With the 2008 presidential race looming, President Bush would then face a no-win decision: either call out the National Guard to enforce a court order against a religious display on state grounds or allow a fellow born-again Christian to defy the courts.

Ah yes. Having made a deal with the devil that is the born-again “silent” minority, Bush could find himself out-righteoused. Actually, he already did in the Schiavo case, and those same folks who showed up with bottles of water and homemade cookies to “feed” Terri haven’t forgotten and are behind the Moore campaign.

Polls indicate that Moore, a 58-year-old graduate of West Point, has a good shot at beating Governor Bob Riley in next year’s Republican primary. Riley angered conservatives by signing the largest tax increase in Alabama history in an effort to get the state’s fiscal house in order and make the tax code more progressive…

Meanwhile, the former state chief justice is bolstering his national standing. He has filed amicus curiae briefs in two Supreme Court cases expected to be decided this month that will determine whether displays of the Ten Commandments on public grounds in Texas and Kentucky violate the US Constitution.

On Capitol Hill, Moore is lobbying for legislation in Congress to strip federal courts, including the Supreme Court, of jurisdiction over any challenges to government agencies or officials that acknowledge ”God as the sovereign source of law, liberty, or government.”

Sounds like Moore is the poster child for “activist judges.” And talk about a victim mentality. This guy has the required pissed-off-with-all-this-liberal-nonsense pique down to a red-faced science.

…In his autobiography, ”So Help Me God: The Ten Commandments, Judicial Tyranny, and the Battle for Religious Freedom,” Moore frequently casts himself as a lone man of principle battling dark forces…

Fully aware that he would attract a lawsuit, Moore hung in his courtroom a redwood plaque of the Ten Commandments. A local ACLU attorney complained; Moore described this as ”the first time the civil rights group attempted to intimidate me.”

He also began opening his court sessions with a prayer. In 1994, six months into his tenure, the ACLU recorded his prayer — and a local star was born.

The media covered the subsequent lawsuit, crowds singing ”Amazing Grace” showed up in support. A year later, Moore launched his race for chief justice of the Alabama Supreme Court.

Moore at least makes no pretense of being a “uniter not a divider.” His world view is strictly us vs. them, and the number that qualifies as “us” is…pretty much just him.

”Roy was never that interested in what the law was versus what he wanted to do,” said James Hedgespeth, the county’s district attorney for 18 years and a Democrat who describes his personal relations with Moore as cordial. ”I always thought the code books in his office were just for decoration. He always felt he knew better than anyone else.”

Expect to hear more from Moore in the dark days ahead. Having empowered the previously marginal Bible literalist beast, Bush/Rove can now figure out how to tame it.

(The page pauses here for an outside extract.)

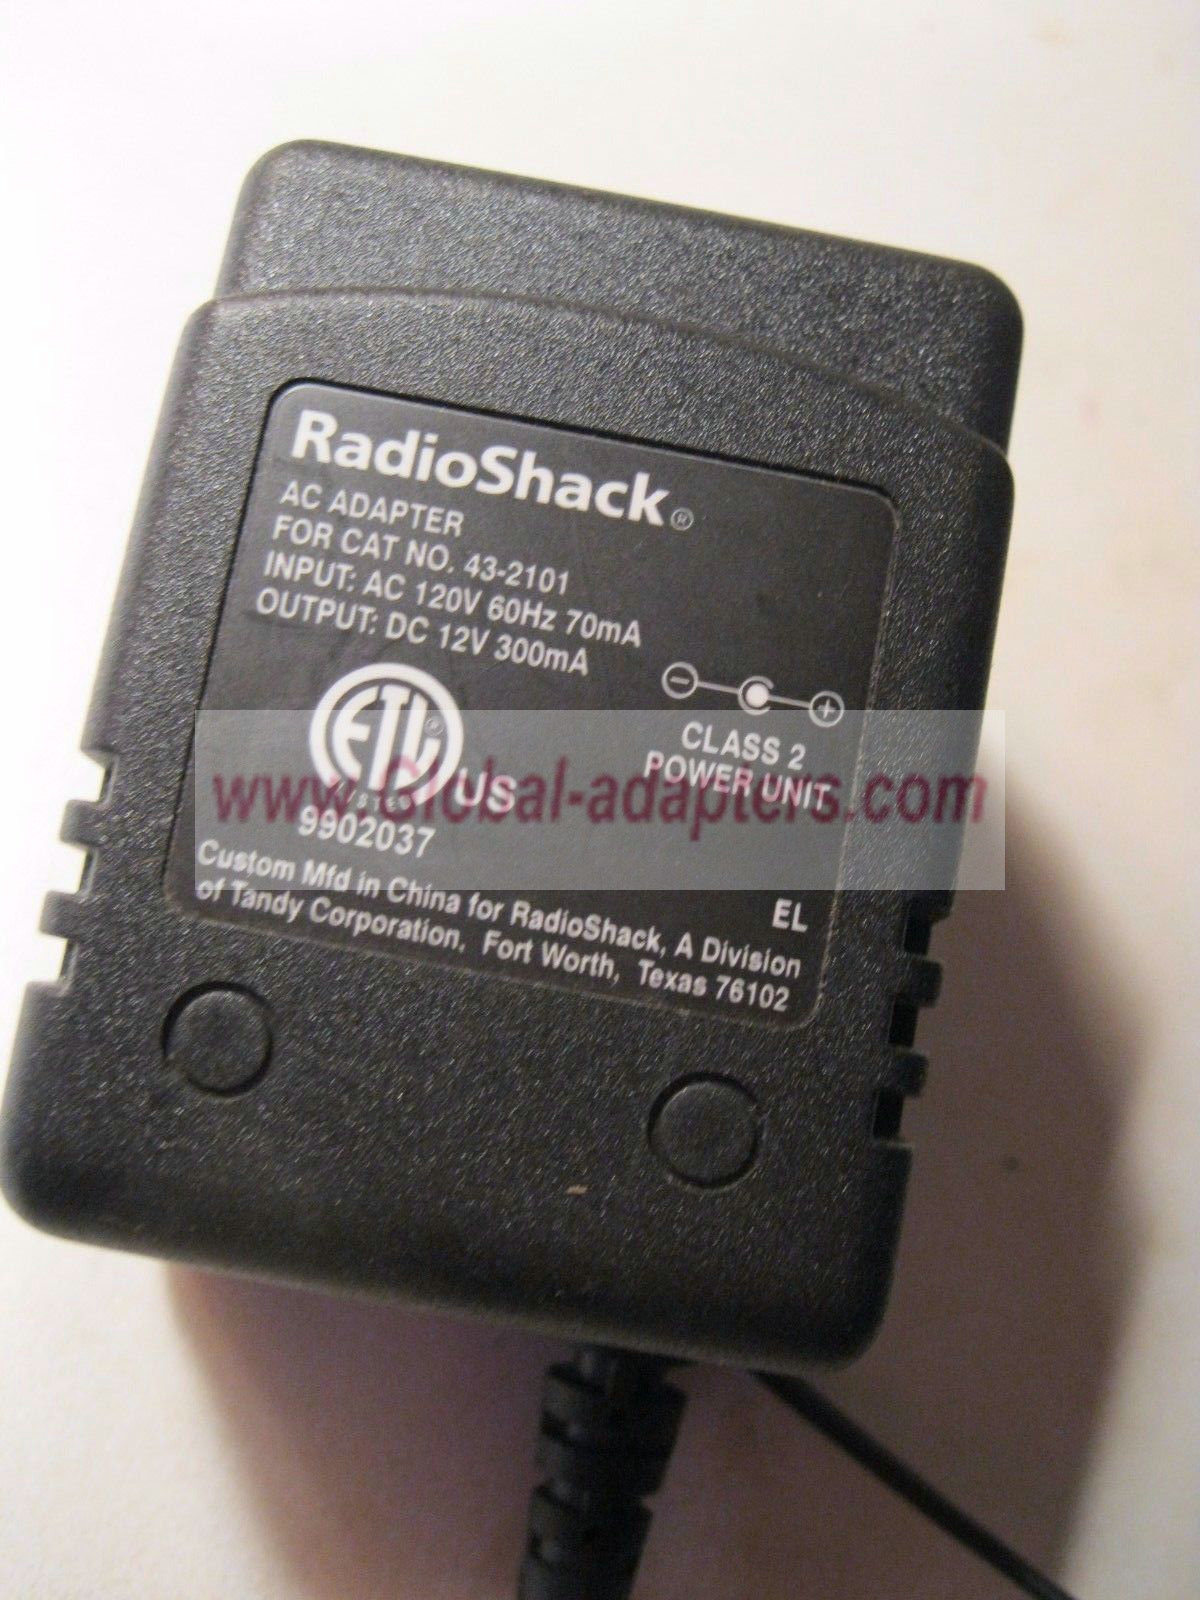 NEW 12V 300mA RadioShack 43-2101 AC Adapter - Click Image to Close

In 2004, after the disciplinary panel had forced Moore to resign, supporters urged him to run for president, but he decided the timing was not right. Phillips compares Moore’s national popularity to that of Pat Robertson, the TV evangelist whose 1988 bid for president divided the GOP, and said Moore is well-positioned to consider his own run.

”There’s no question he would heighten the debate on the whole issue of religion and politics,” Scarborough said. ”And nationally, there is a core following that would be faithful to him.”